Long before specialty cafés with cold brews and single-origin beans appeared on the streets of Yerevan, this city already knew the true worth of a good cup. Yerevan — much like its people — has always known how to drink coffee. It was just waiting for oat milk lattes and the right lighting.
And let’s be honest: in Armenian homes, coffee isn’t just about flavor, it’s about magic. When the final sip is gone, the cup is flipped upside down onto the saucer and left to sit — so the grounds can «write» their story. And that’s when the real fun begins: «There’s the road. There’s the bird. There’s the man thinking about you.» A little Eastern tarot, a little family folklore, tasseography is still alive and well. It’s honestly a mystery how no one’s opened a café with fortune reading on the menu. Yet.
Where It All Began
Lumen Coffee is the face of Yerevan’s new coffee wave. With its own roasting, carefully selected beans, and alternative brewing methods, Lumen doesn’t follow trends. It defines them. The original Lumen is tucked into a cozy courtyard on Teryan Street, but its most iconic location is on Mashtots Avenue, in a historic space that once housed a bookstore, a music shop, and before that, a tobacco store.

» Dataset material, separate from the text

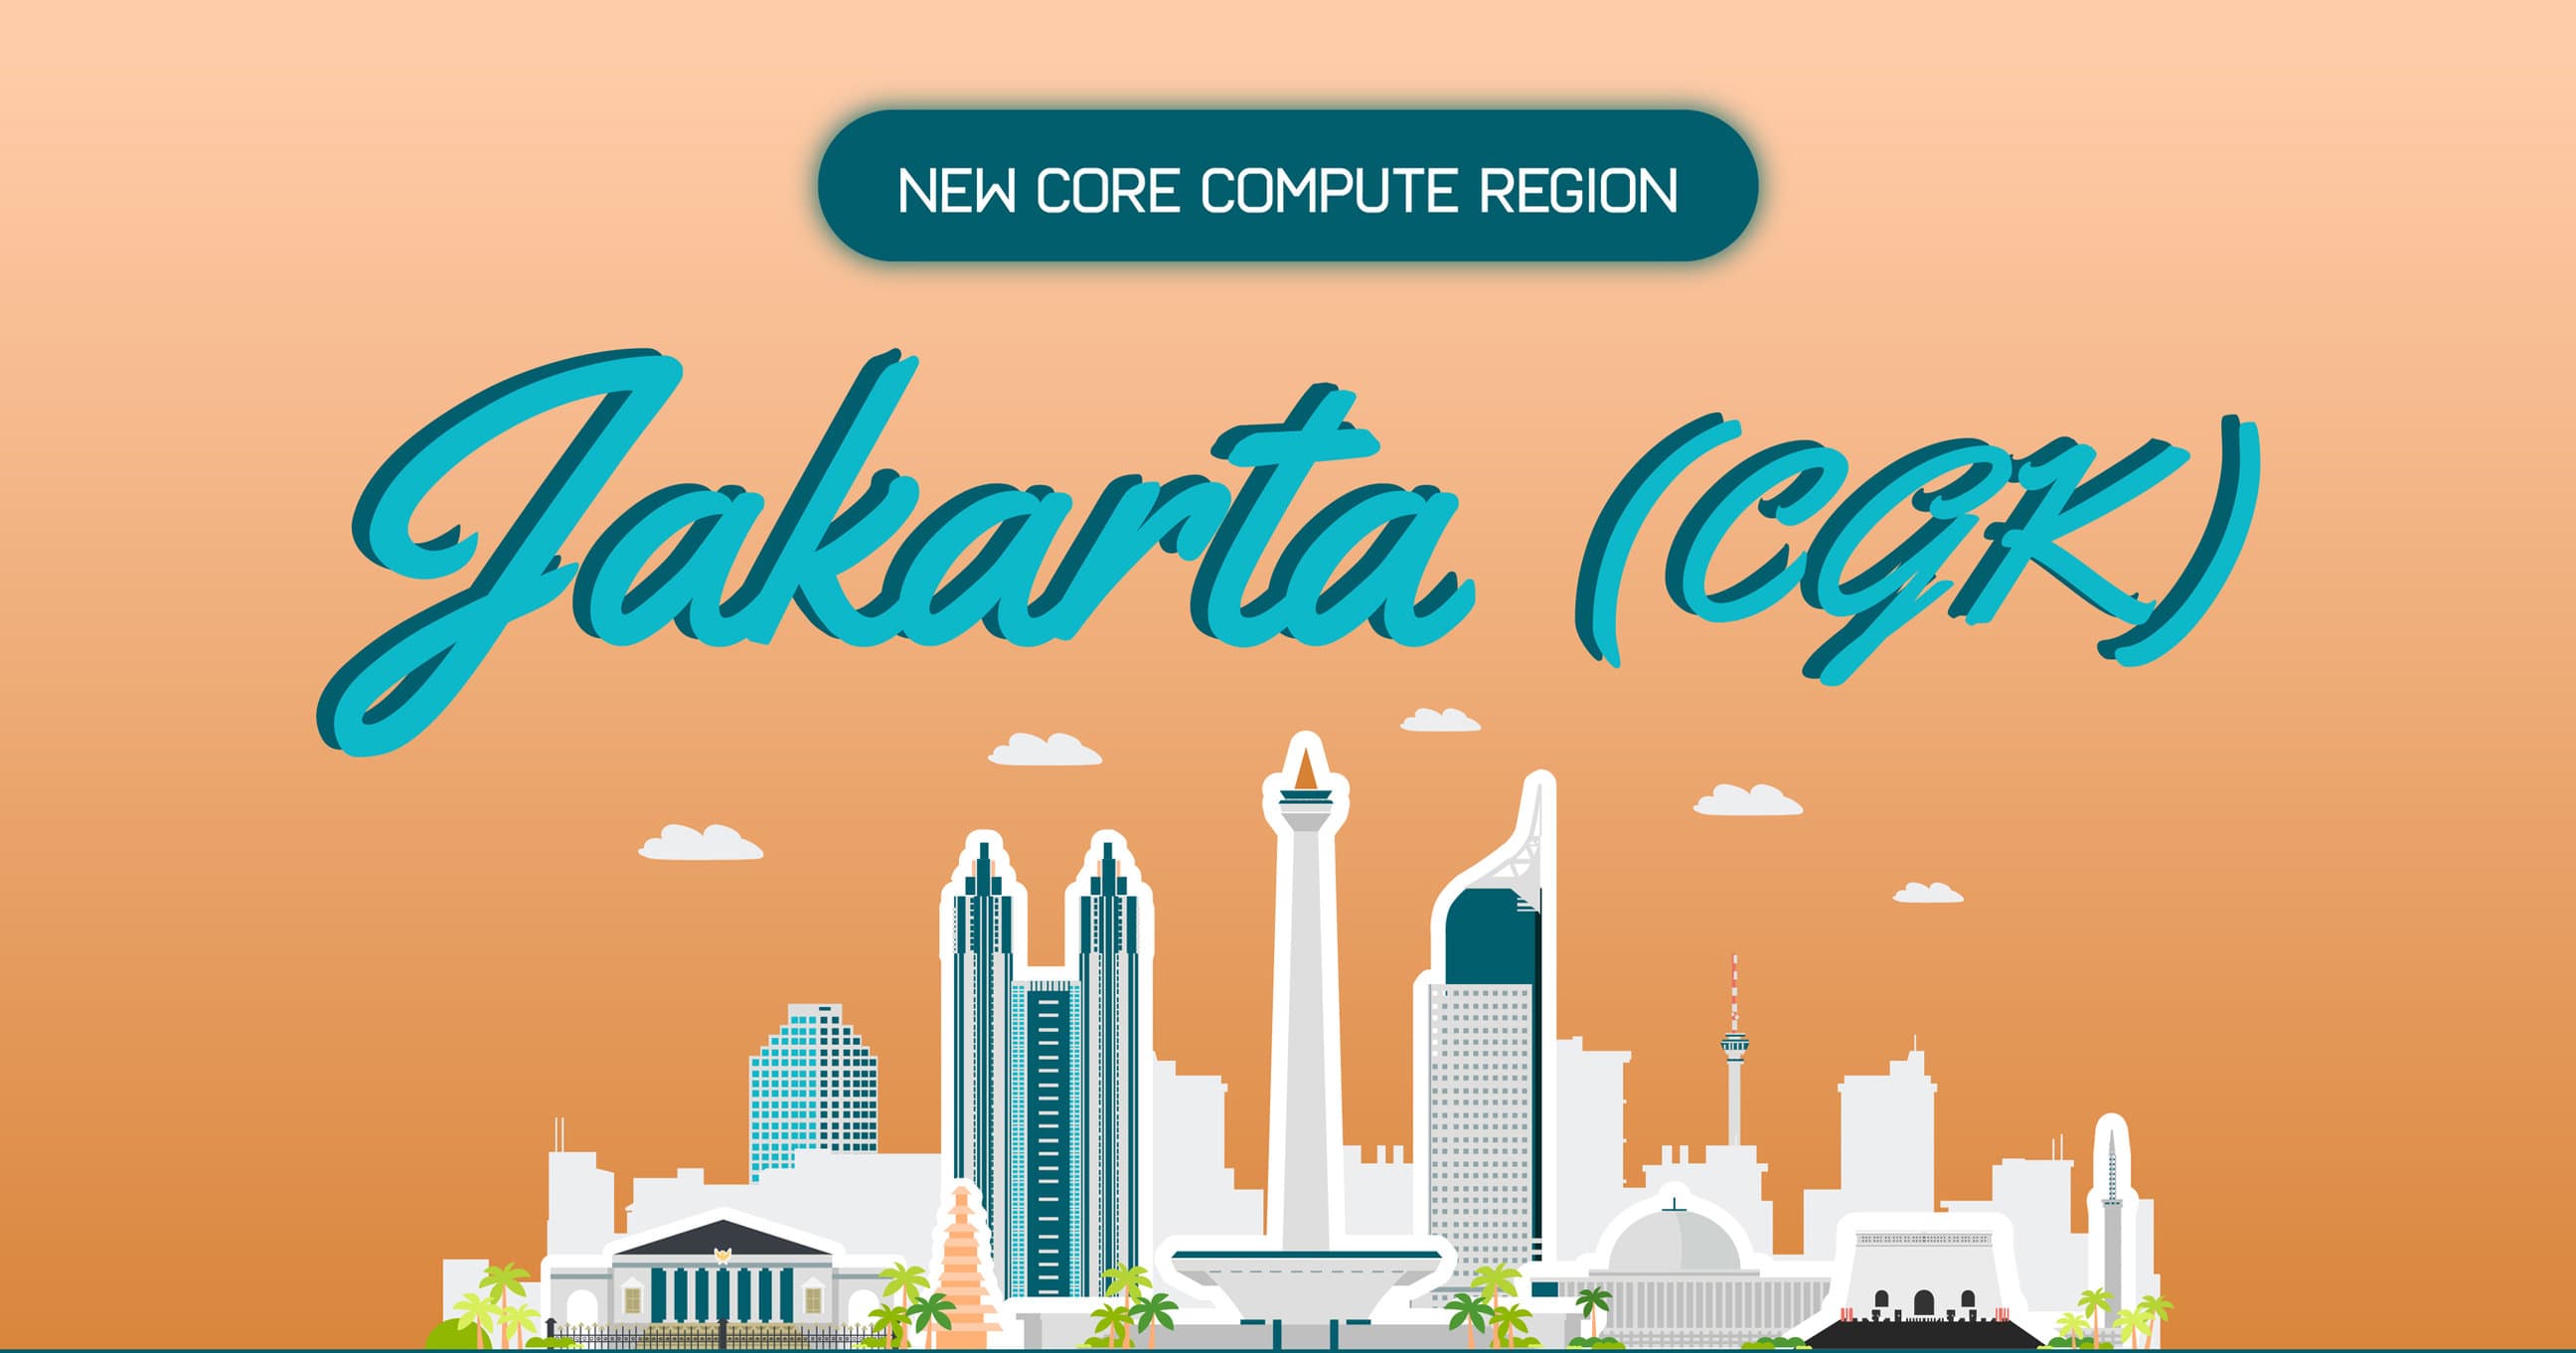 자카르타와 함께 아시아 태평양 핵심 컴퓨팅 지역의 성장을 발표합니다!

The café is practically a museum, known for its intricate wall art and masterfully carved wooden panels by artist-cabinetmaker Hovhannes Naghashyan. The owners didn’t tear down walls or wipe the place clean. Instead, they invited Snkh., a duo of young Armenian architects with taste and a voice of their own. The result? A preserved original with modern steel furniture, dimmed lighting, and the feeling that you’ve stepped into Hogwarts for coffee-loving introverts.
At the entrance: bookshelves. In the main room: an atmosphere of hush and focus. Laptops are officially banned, unless you sneak into a hidden back room. The idea here is simple: drink your coffee, don’t Zoom your life away. The soul of the space is Arthur Lumen, a well-known Armenian photographer. The menu is curated by his wife, Angela, a pioneer of healthy eating in Armenia and founder of Eat& Fit. What they’ve created isn’t just a coffee shop — it’s a space to be alone with your cup, your city, and yourself.
Coffee Nostalgia
If Lumen is the future, Jazzve is the past you want to carry in your pocket. Its name comes from «jazve», the copper cezve used to brew Armenian coffee. For old Yerevan, Jazzve is a geography and all roads led there.
The smell of sand-brewed coffee, stained-glass windows, creaky armchairs that sound like memories. So this isn’t just a café, it’s an institution of Armenian coffee culture. Now reborn as J Space, it’s a full-blown concept space: café, bakery, flower shop, bookshelf, even a small merch corner. But the heart of it remains the same. The coffee tastes just as it always did: strong, earthy, slightly sweet.
Coffee and Synergy
Welcome to Yerevan’s first venture café. Here, coffee isn’t just a beverage — it’s the excuse that gathers startup founders, designers, architects, civil servants, and developers around the same table.
Ground Zero does something rare in Yerevan: breakfast at 8 AM. That might sound normal for big cities, but in Yerevan, where mornings are famously unhurried, that’s why it was nearly revolutionary. Over those breakfasts, you could spot anyone: from the mayor to visiting Silicon Valley investors.
Coffee here is a passcode to something bigger, bolder, transformational.Beans and machines? Top notch. But the real magic is the energy behind every single cup. Let’s be honest, Ground Zero isn’t just a café. It’s a cultural phenomenon, a space where creativity, caffeine, and change blend seamlessly.
Armenian Wave
When Surf Coffee opened in Yerevan, it felt like just another franchise. But Yerevan’s Surf turned out to be something else entirely. No skateboards, no surfboards, just pure atmosphere. Soft lighting. Background music. Conversations at the bar. Coffee you grab to go, not because you’re in a rush, but because your day already feels complete. The main location is next to Ground Zero, with another on Tumanyan Street. Both spaces reimagined Surf through an Armenian lens. Bold note: no decorative ethnics, just an honest feel for the city’s rhythm.
Coffee with an Edge
This café is about street-level aesthetics and bean-forward flavor. Everything here feels intentional: clean lines, sharp service, baristas who could’ve just flown in from Berlin, but haven’t forgotten where they are. The space is minimalist, but with tension. The coffee? Bold, rich, and unmistakably itself. If Ground Zero is where ideas meet, 202°F is where you meet yourself.
Anti-Gloss
In Armenian, the name means «Neither Light Nor Darkness.» And that pretty much sums it up. This café doesn’t try to be everything to everyone. It’s a haven for those who prefer texture over polish, and espresso without the sugar curtain (sorry, not sorry). Black-and-white interiors. A hint of gothic. A slice of abstraction. No one asks how your day was, because they just make you damn good coffee.